[Data excerpt — start]

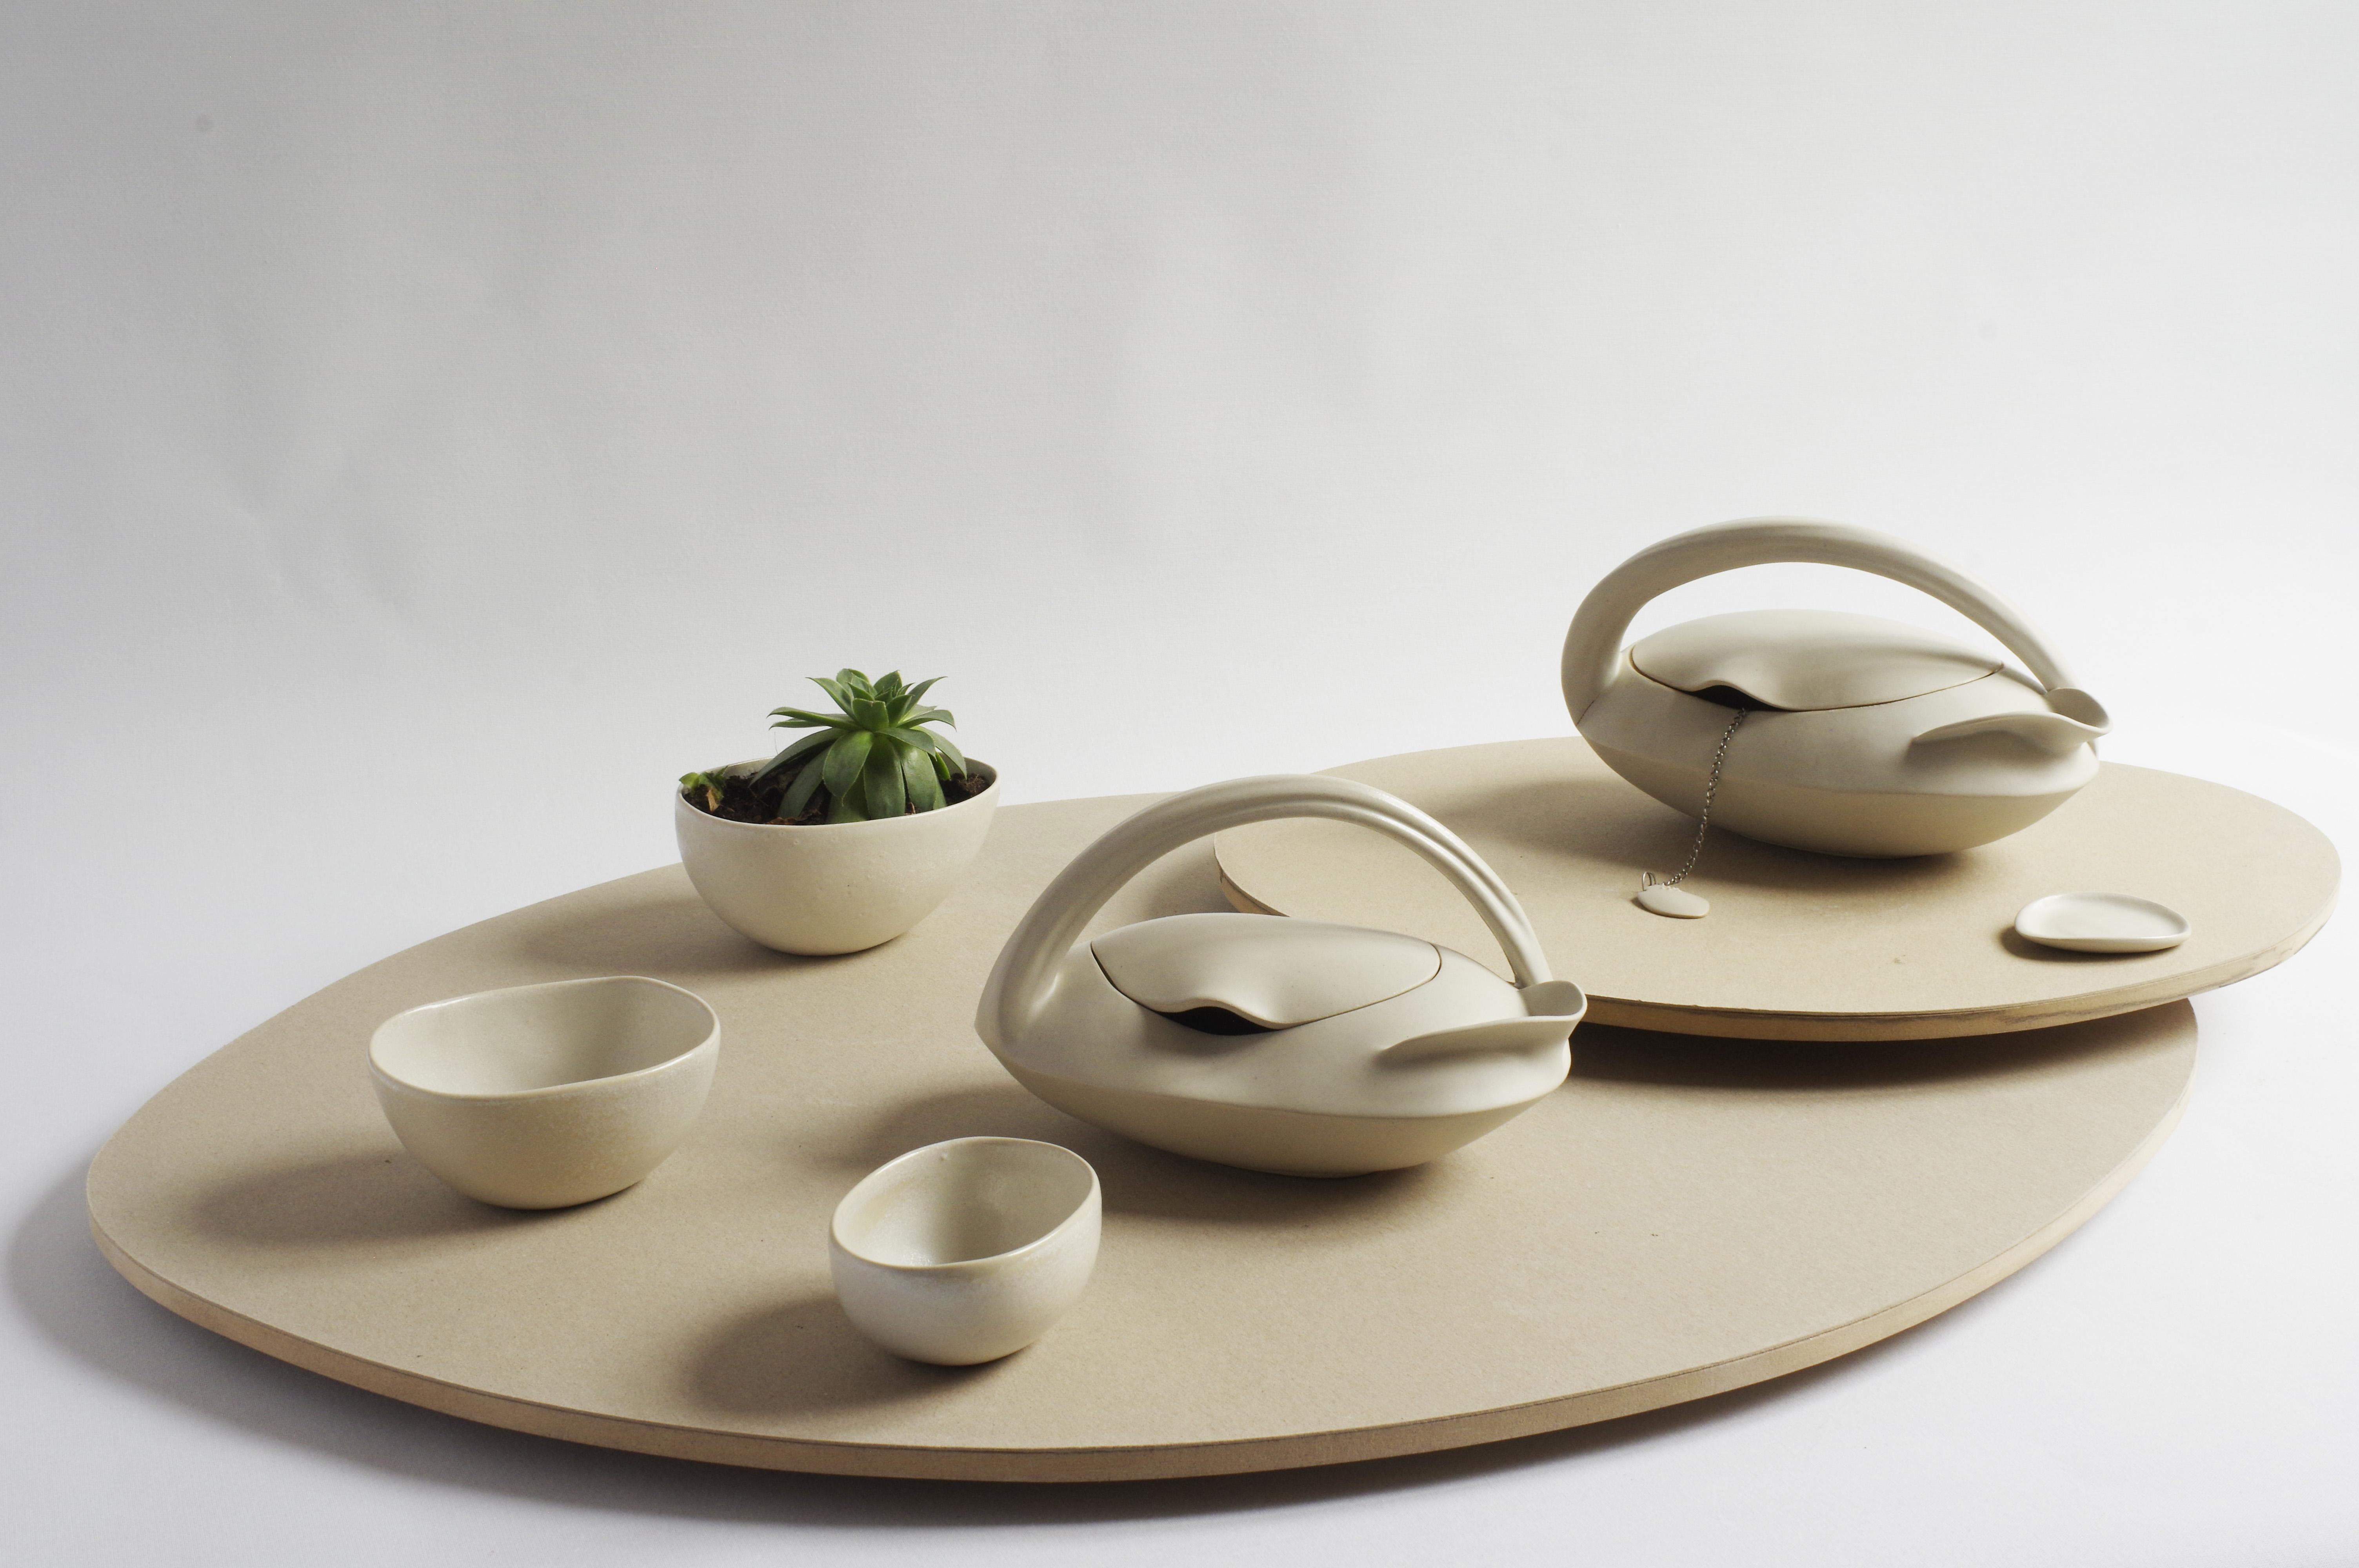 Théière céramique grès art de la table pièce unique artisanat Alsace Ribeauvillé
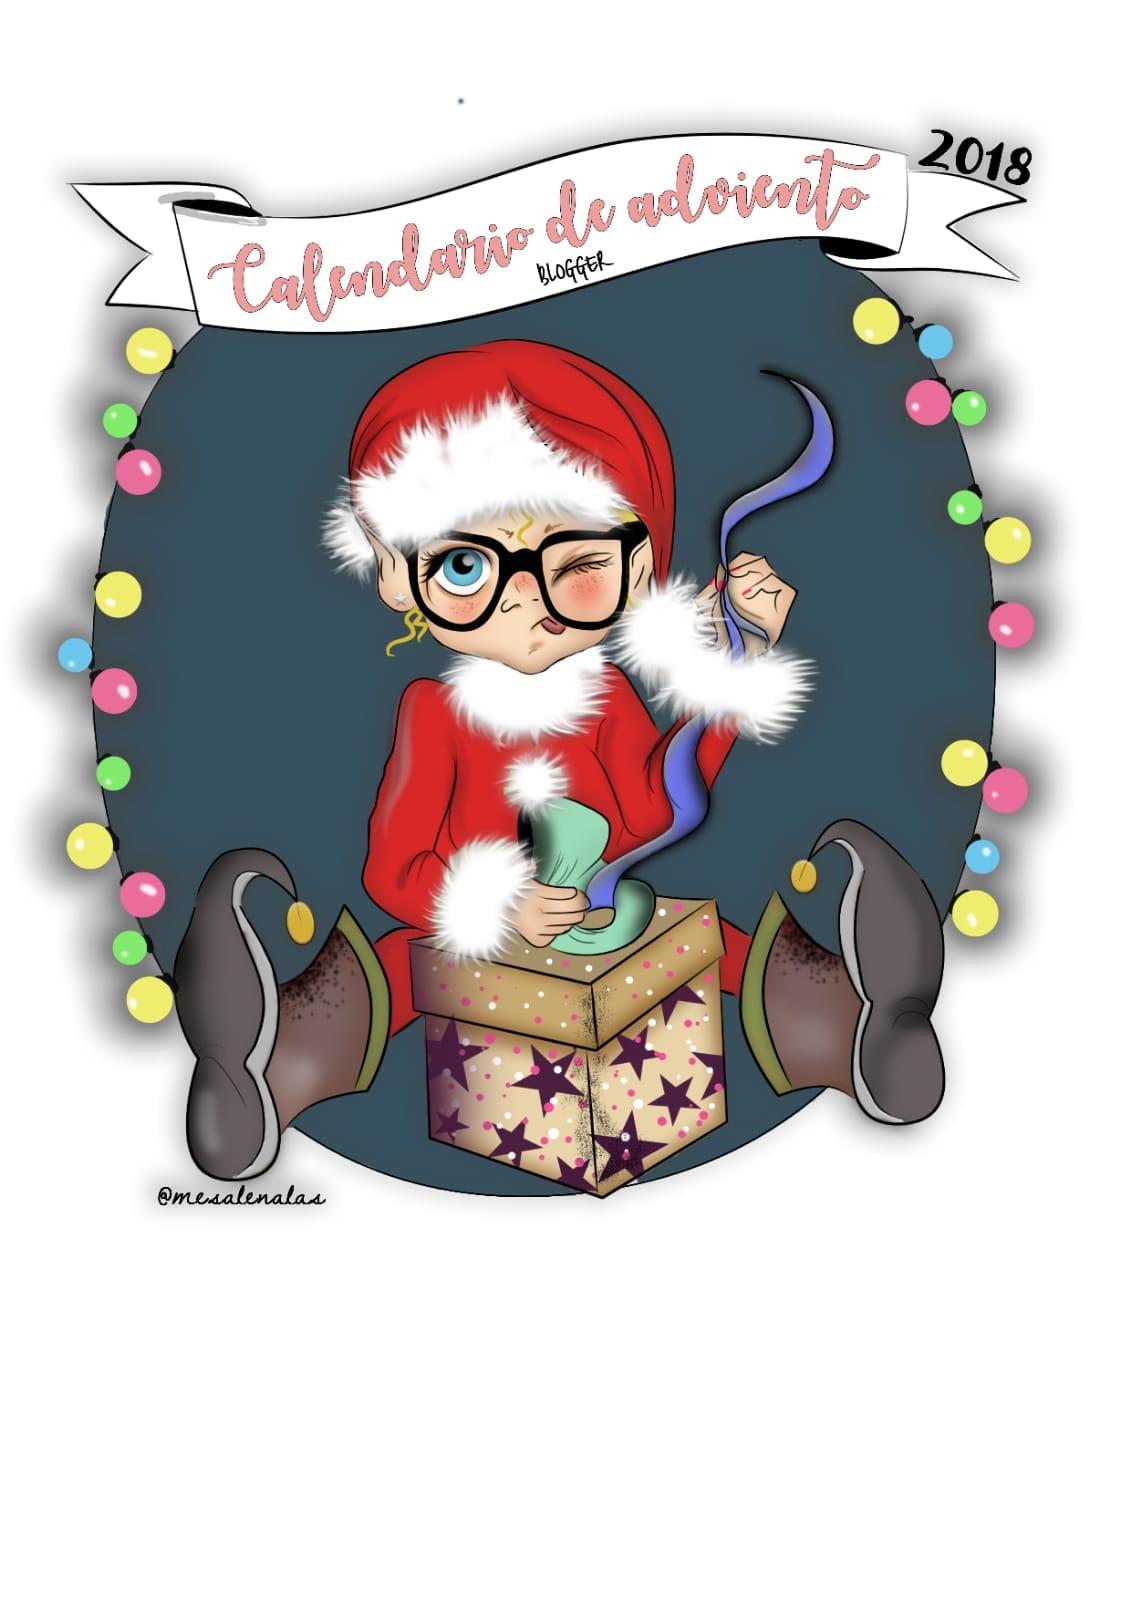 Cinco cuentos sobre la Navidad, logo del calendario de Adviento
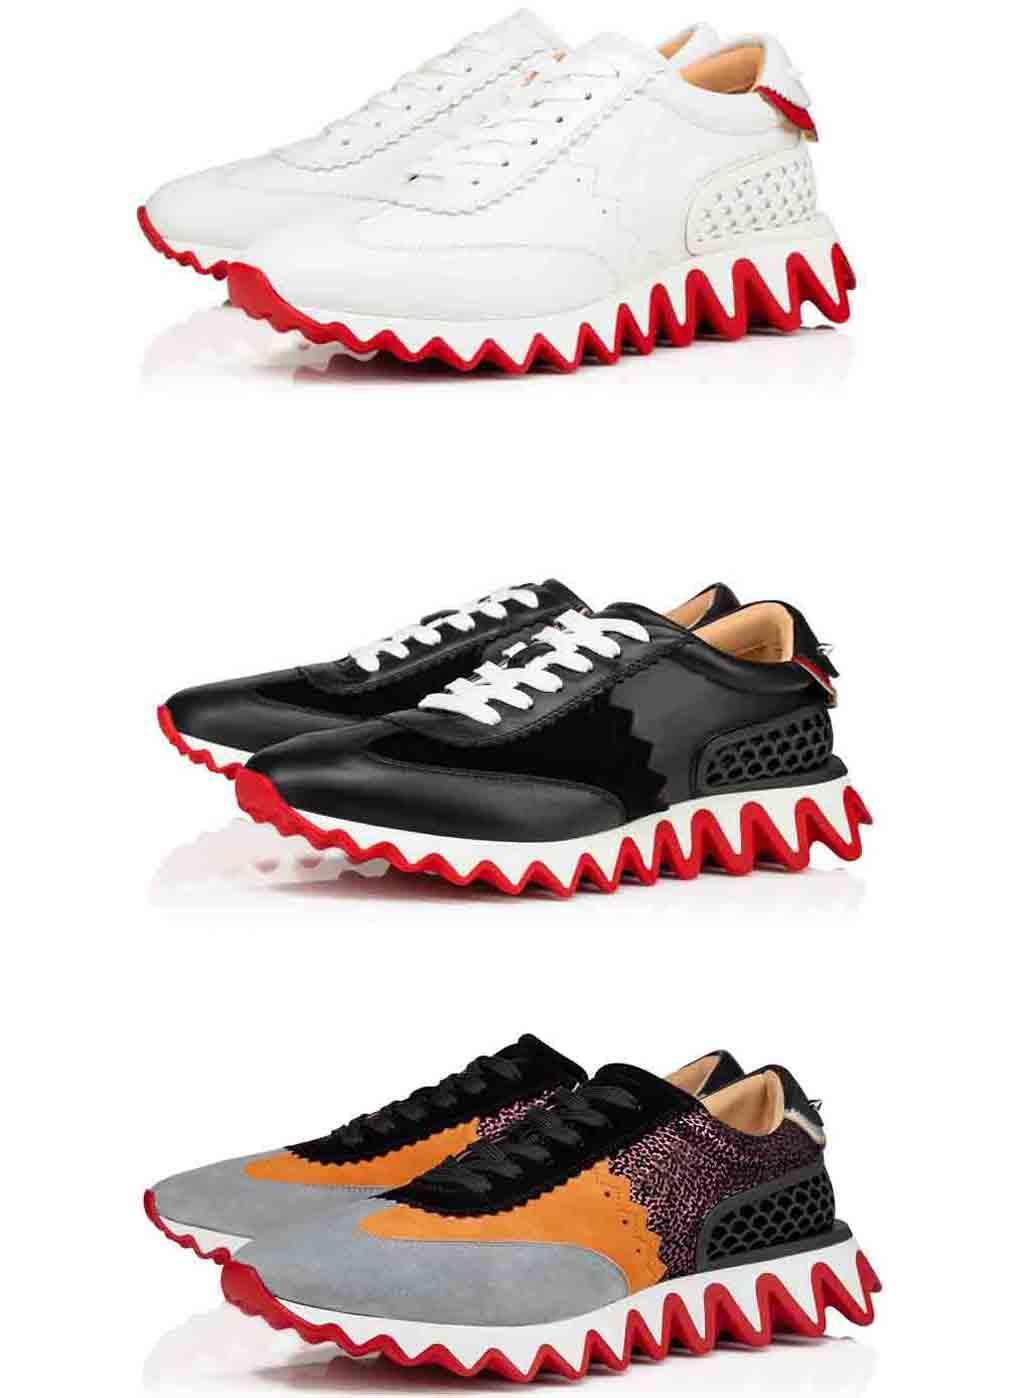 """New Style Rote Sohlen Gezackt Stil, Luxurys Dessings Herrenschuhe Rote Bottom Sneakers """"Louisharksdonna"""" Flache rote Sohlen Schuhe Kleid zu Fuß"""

[Data excerpt — finish]

- _Problem description_: Without the pictures, write out all of the material exactly.

- _Reply to the exercise_:
 Théière céramique grès art de la table pièce unique artisanat Alsace Ribeauvillé
 Cinco cuentos sobre la Navidad, logo del calendario de Adviento
 """New Style Rote Sohlen Gezackt Stil, Luxurys Dessings Herrenschuhe Rote Bottom Sneakers """"Louisharksdonna"""" Flache rote Sohlen Schuhe Kleid zu Fuß"""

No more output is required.